Покуда хан беседовал с самим аллахом на башне Мудрости, корил и поносил себя за то, что подчинился течению событий, в тронной палате собрался ханский диван во главе с визирем Сефером-Кази.
Чинно и важно сидели советники хана. Никто не удивлялся, что так рано созвали их аскеры. Случалось подобное и раньше, перед великими и внезапными походами орды. По теперь диван знал — не о походе речь пойдет. Ханский посол в Чигирине Шебеши-бей снова прислал важные вести. Полки Хмельницкого под началом Золотаренка выступили уже под Смоленск, полковник Богун стоит с большим отрядом на юге, между Бугом и Днестром, а сам Хмельницкий во главе великого войска движется на Умань, и туда на помощь ему идут московские стрелецкие полки. Еще отписал Шебеши-бей, что проведал он через верных людей: Хмельницкий твердо решил — если только орда выступит на Перекоп, он преградит ей дорогу сечевым войском, которое из Хортицы никуда не уходит, а на Низу голытьба собирается в полк, и из Чигирина велено Сечи — дать им оружие и челны.

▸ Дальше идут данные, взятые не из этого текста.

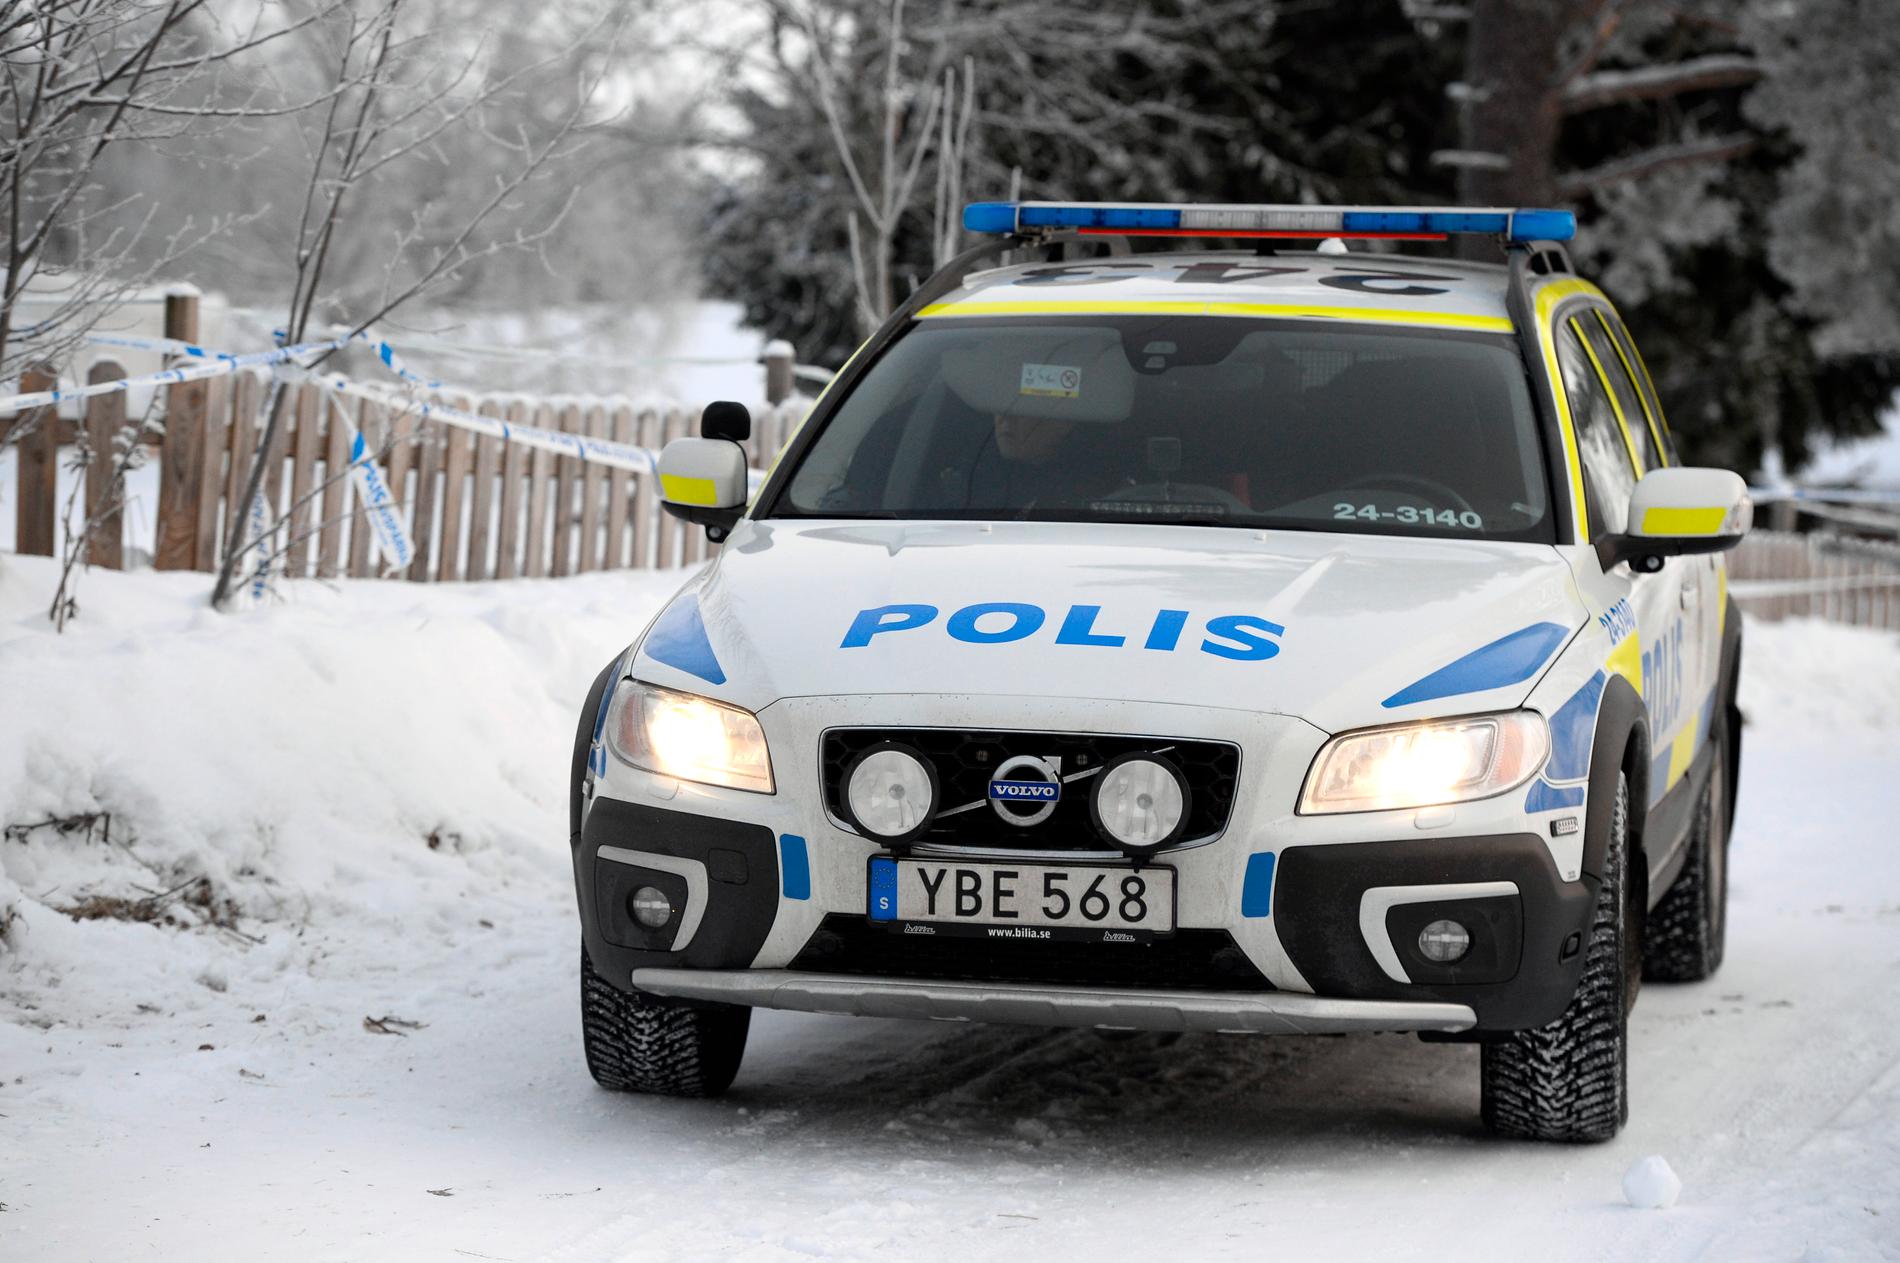 Pappan misstänks ha skjutit ihjäl sina barn, enligt uppgifter till Aftonbladet. 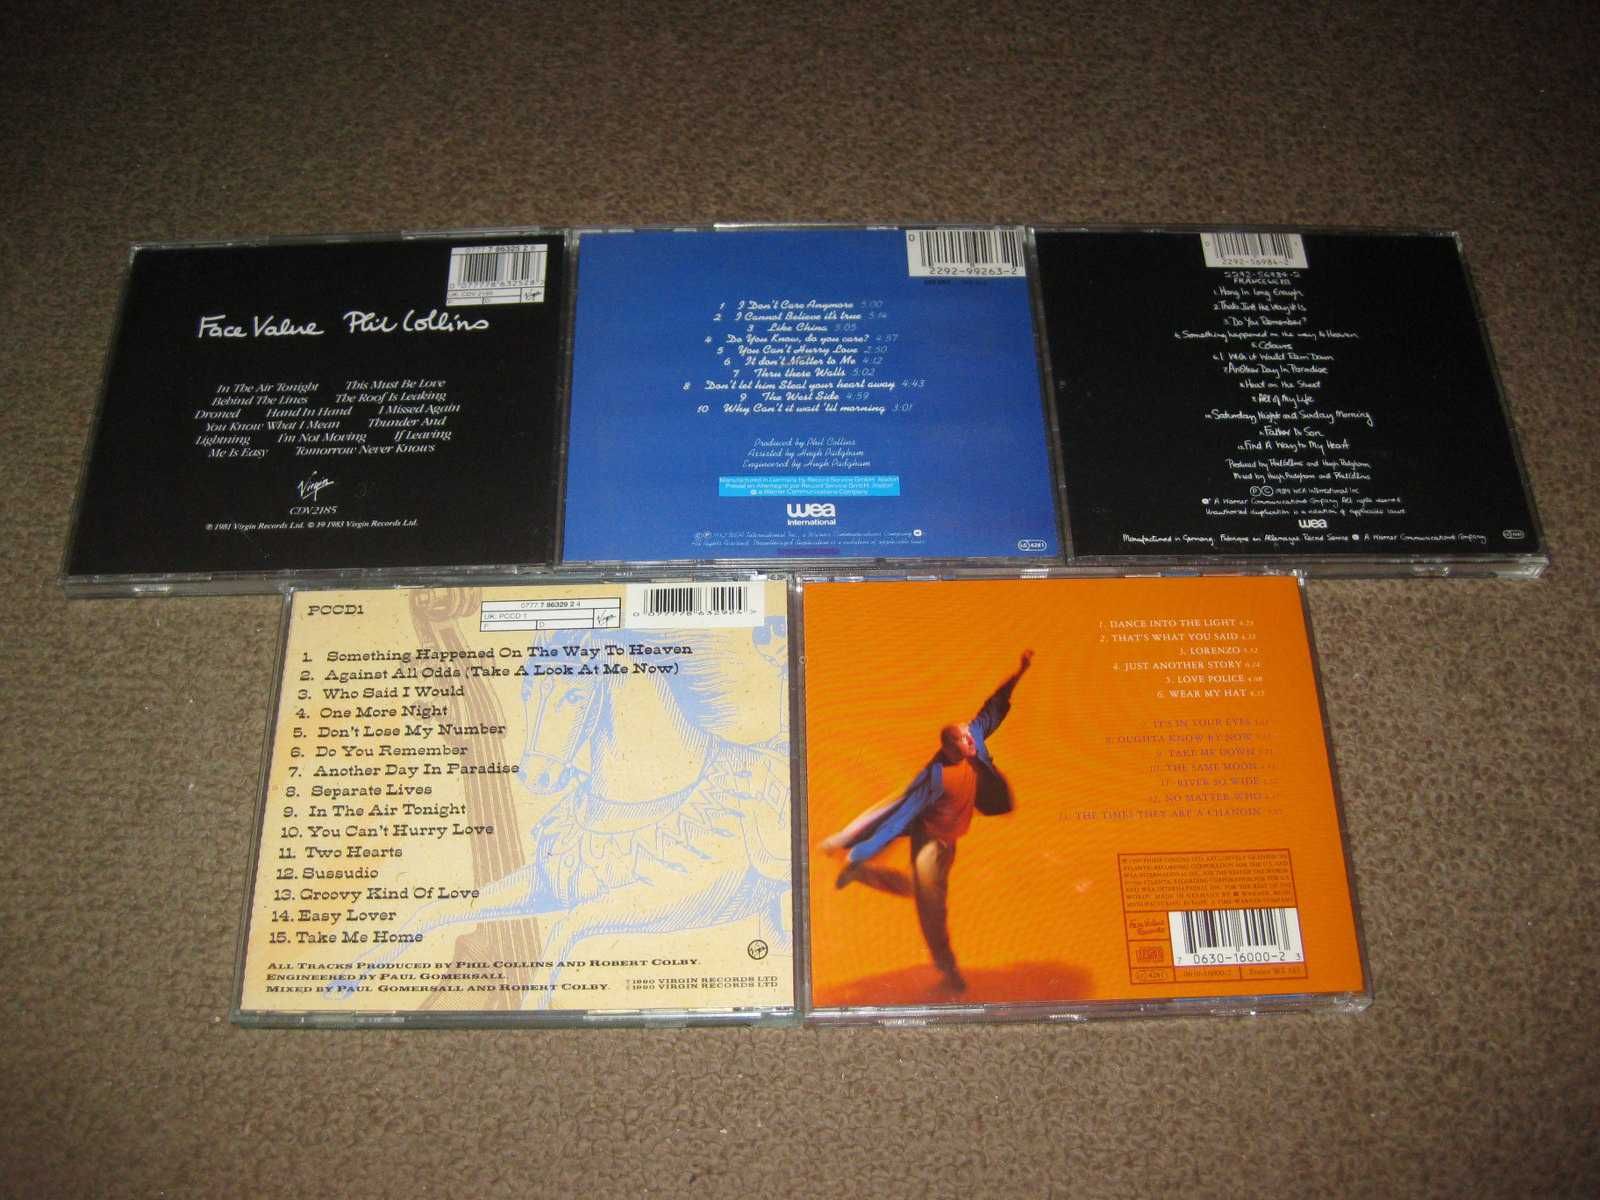 5 CDs do "Phil Collins" Portes Grátis!

Нерадостные вести сообщает Шебеши-бей. Разводят руками ханские советники. Хлопают себя по жирным коленям, причмокивают языками. Главный казначей Карач-мурза, точно творя намаз, раскачивается из стороны в сторону. Он, может быть, лучше, чем любой из ханского дивана, знает, какая беда надвинулась на Бахчисарай. Оскудела ханская казна. Третьи упоминки не выслали еще в Стамбул. Великий визирь султана Муртаза-паша в страшном гневе на хана. Купец Рейс-эффенди сказывал: в Стамбуле поговаривают, не пора ли отдохнуть Ислам-Гирею…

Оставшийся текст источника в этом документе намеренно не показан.